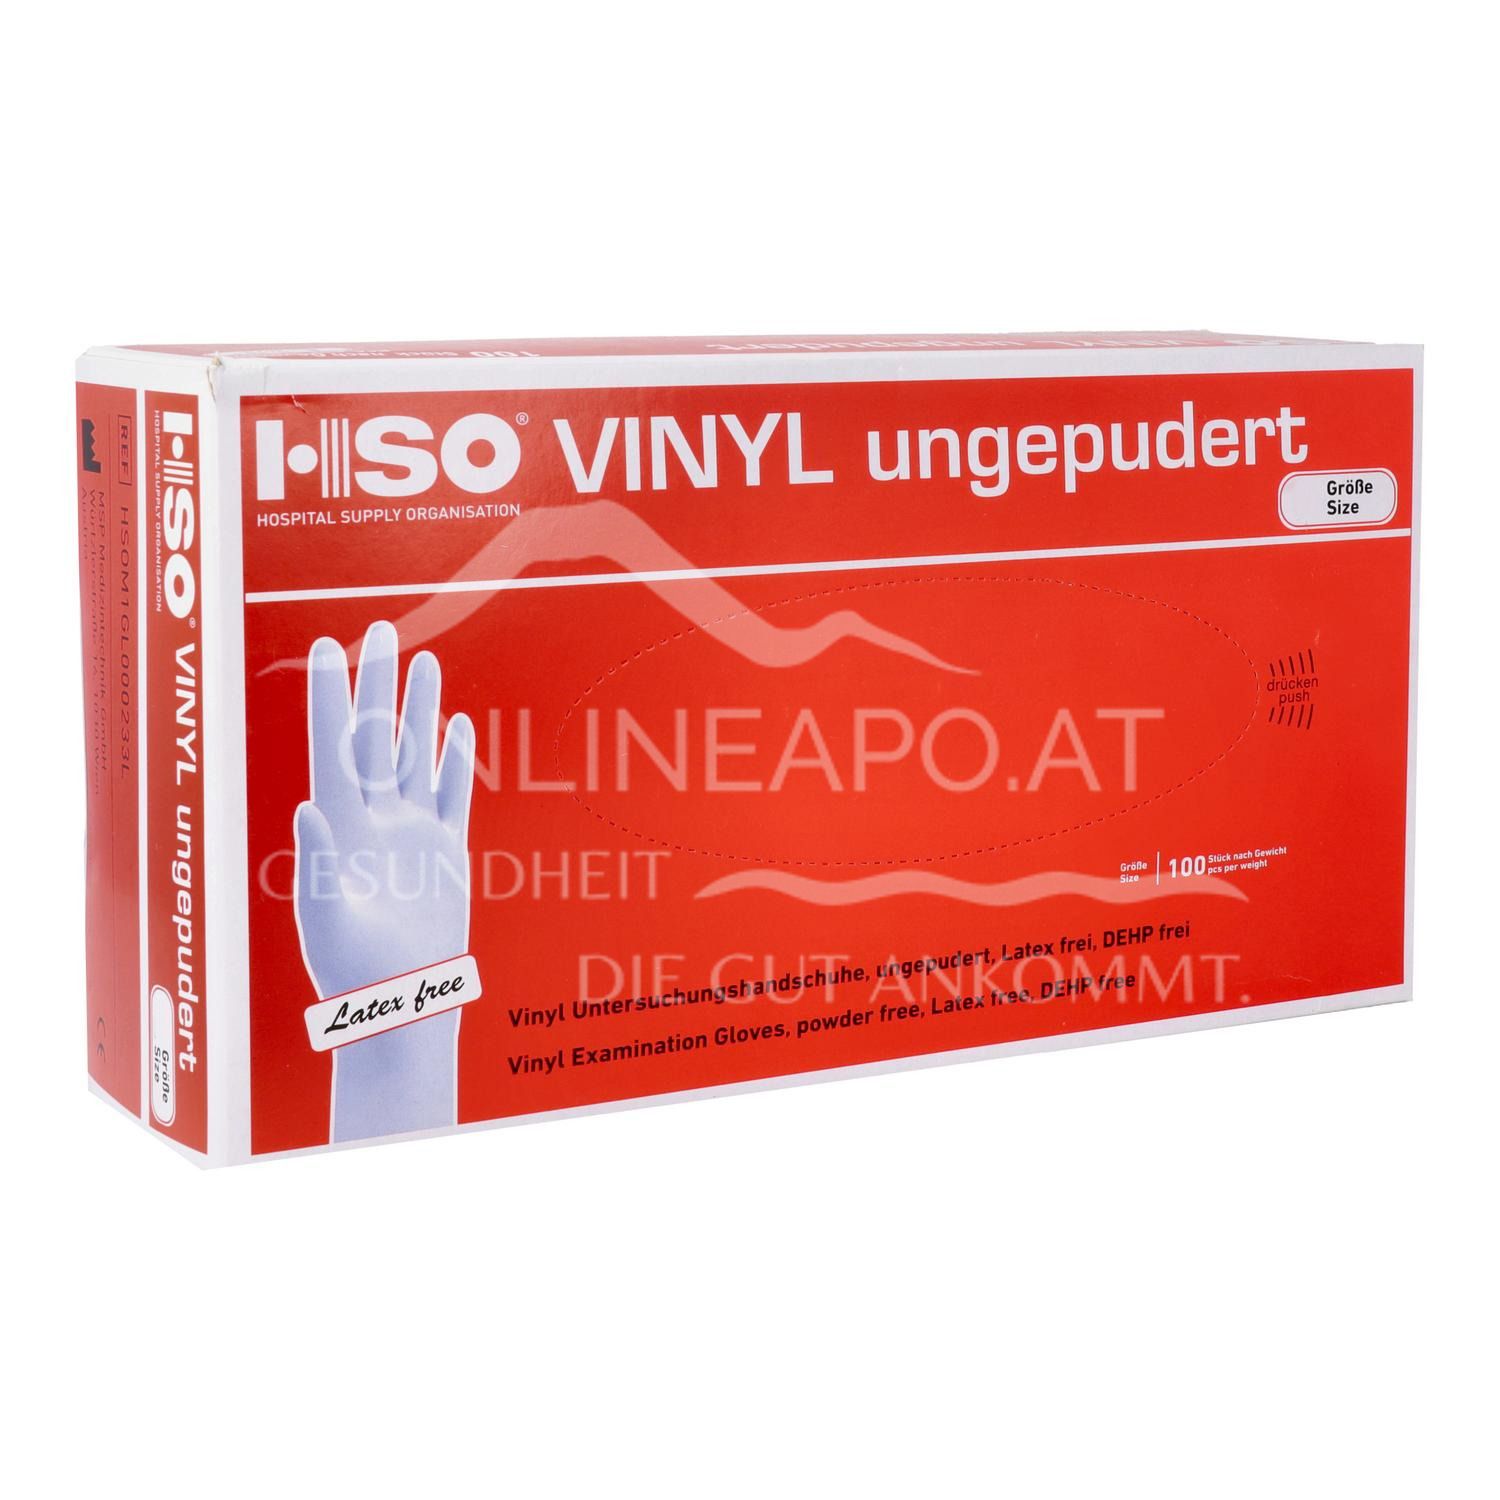 HSO Vinyl Untersuchungshandschuhe, ungepudert, latexfrei - Größe S
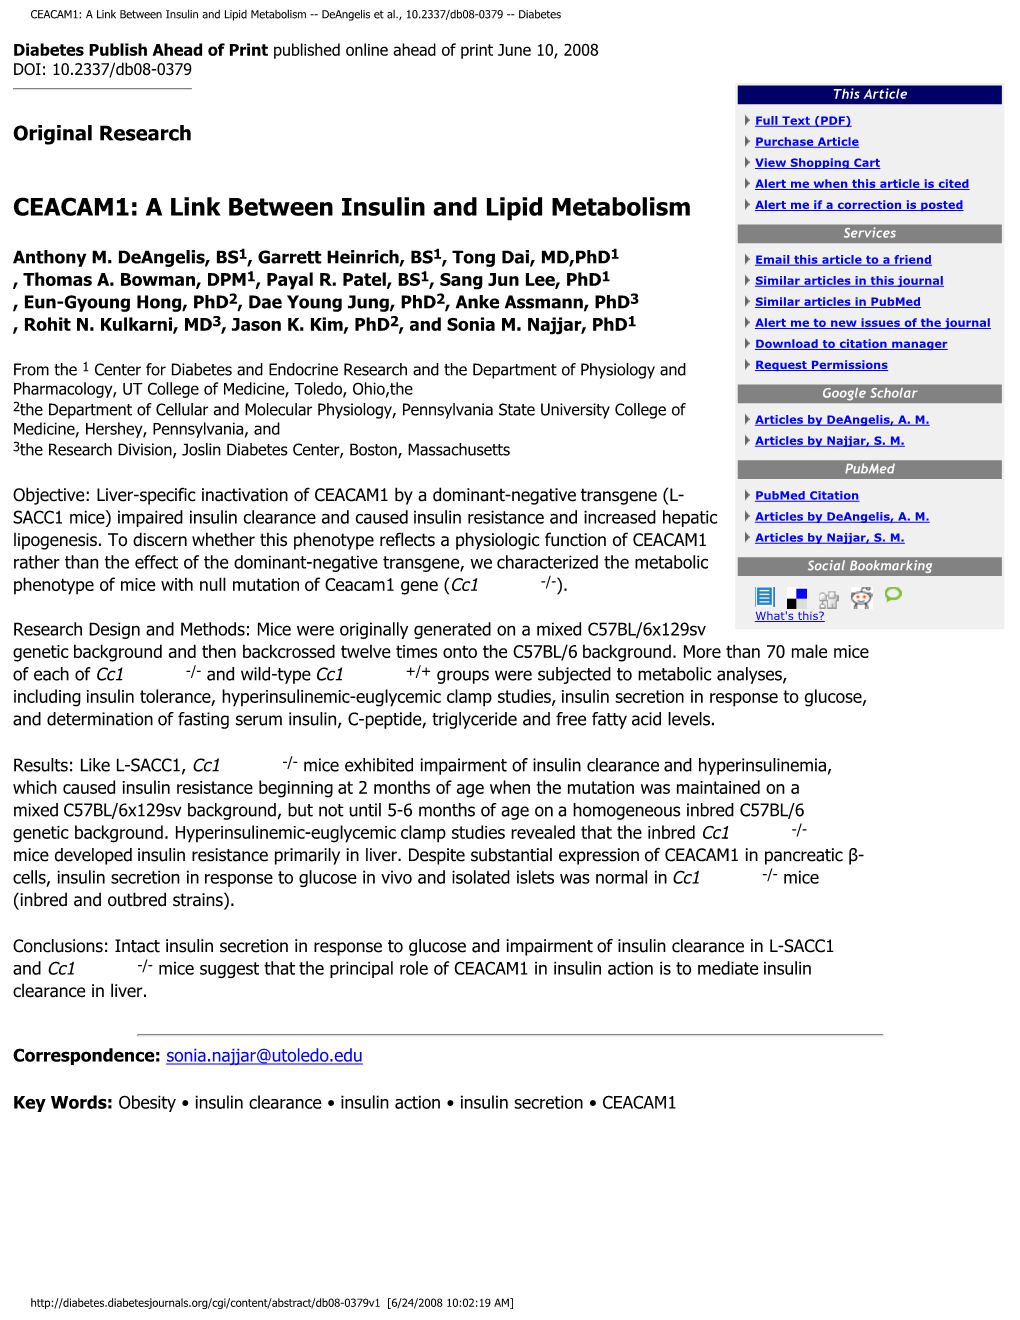 CEACAM1: a Link Between Insulin and Lipid Metabolism -- Deangelis Et Al., 10.2337/Db08-0379 -- Diabetes
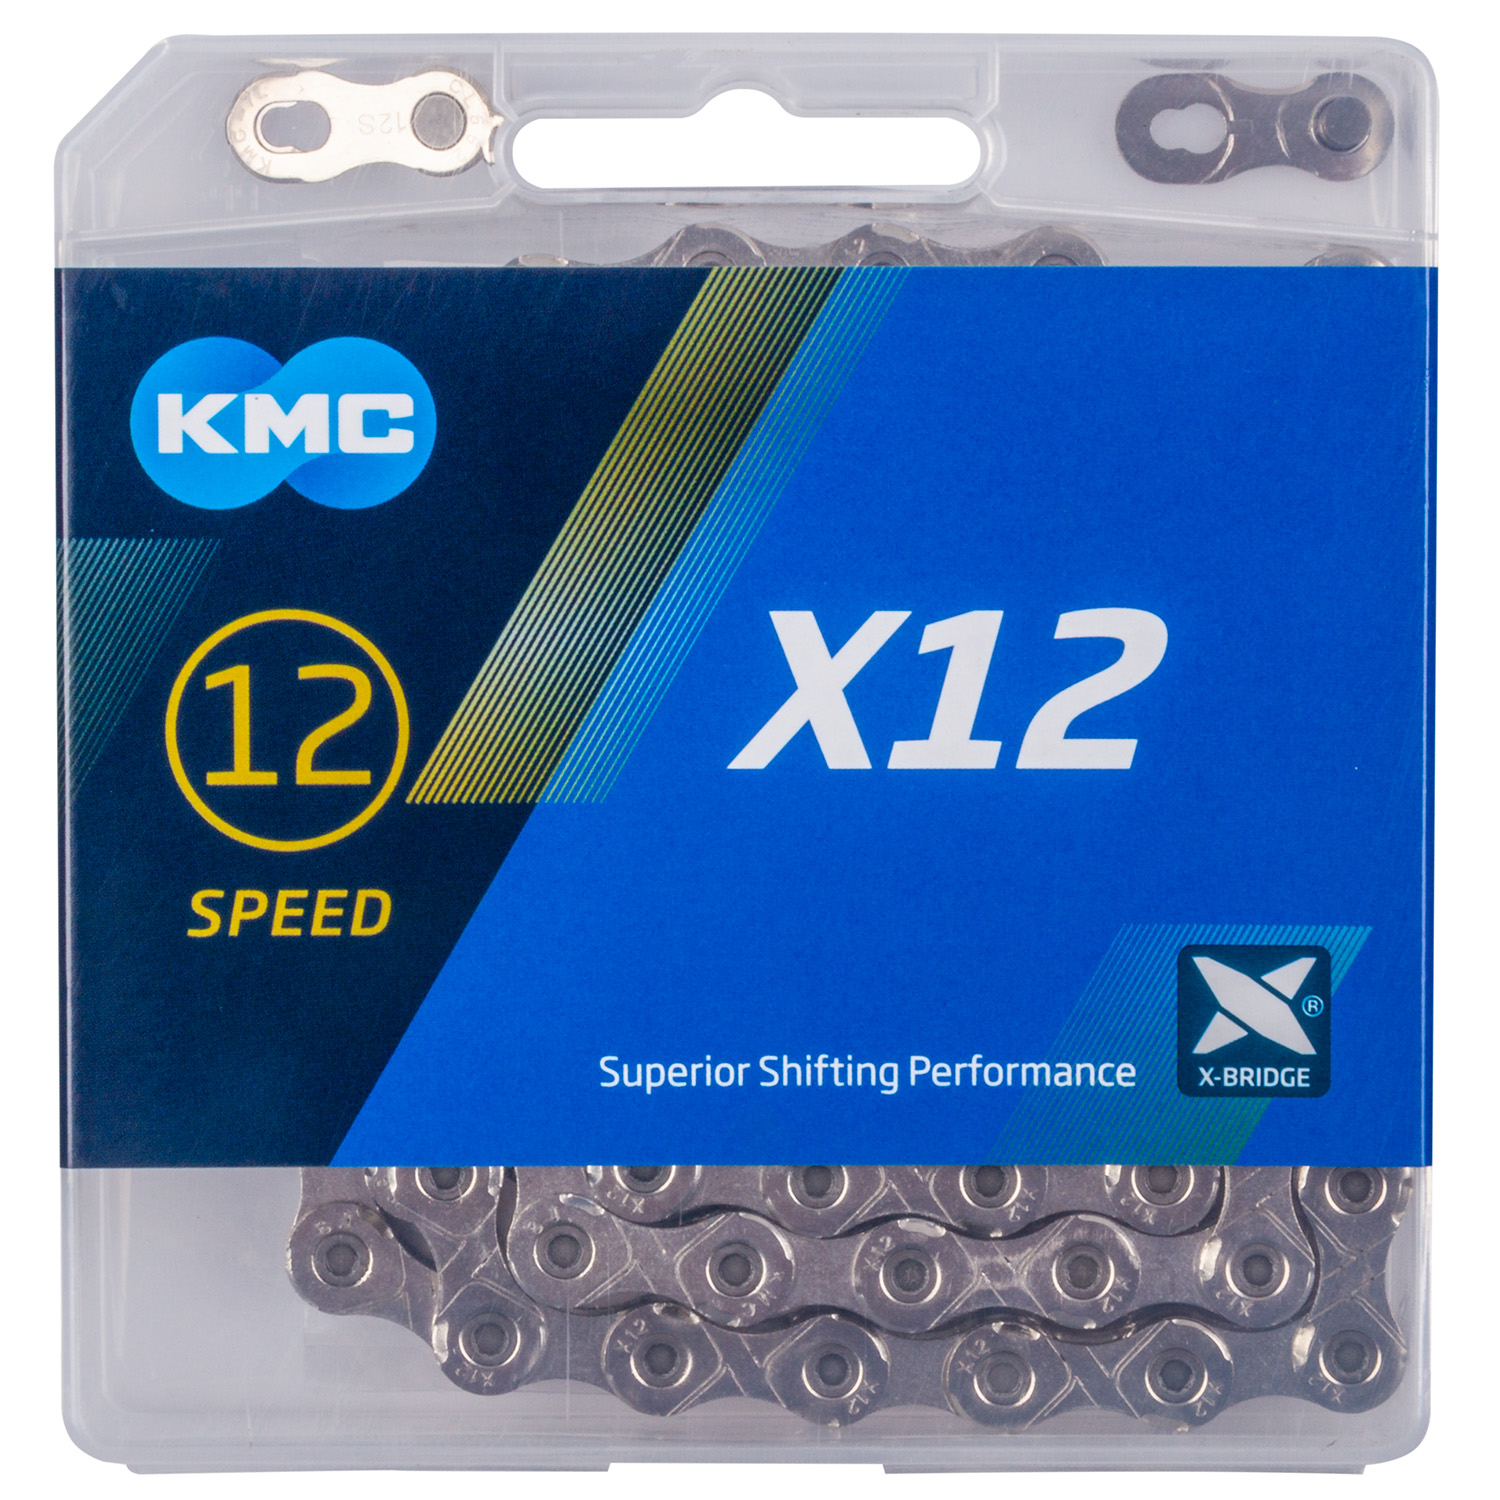 KMC Kette X12 SILVER 126 12-fach SB verpackt in Einzelbox
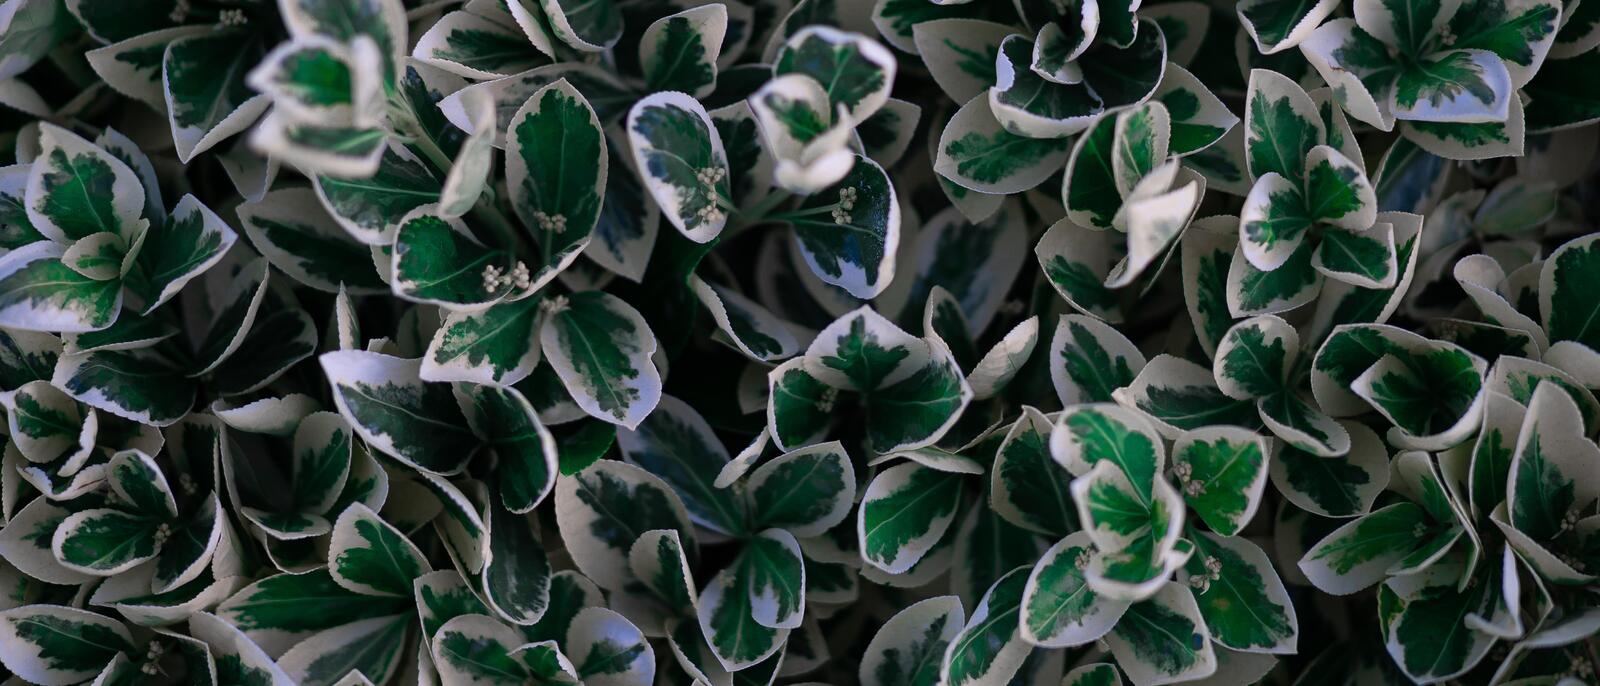 Wallpapers shrubs plants fresh leaves on the desktop

-----

## Problem requirements:
Make an exact copy of the listing, with no images in it.

## Response to this exercise:
 HSO Vinyl Untersuchungshandschuhe, ungepudert, latexfrei - Größe S
 CEACAM1: a Link Between Insulin and Lipid Metabolism -- Deangelis Et Al., 10.2337/Db08-0379 -- Diabetes
 KMC Kette X12 SILVER 126 12-fach SB verpackt in Einzelbox
 Wallpapers shrubs plants fresh leaves on the desktop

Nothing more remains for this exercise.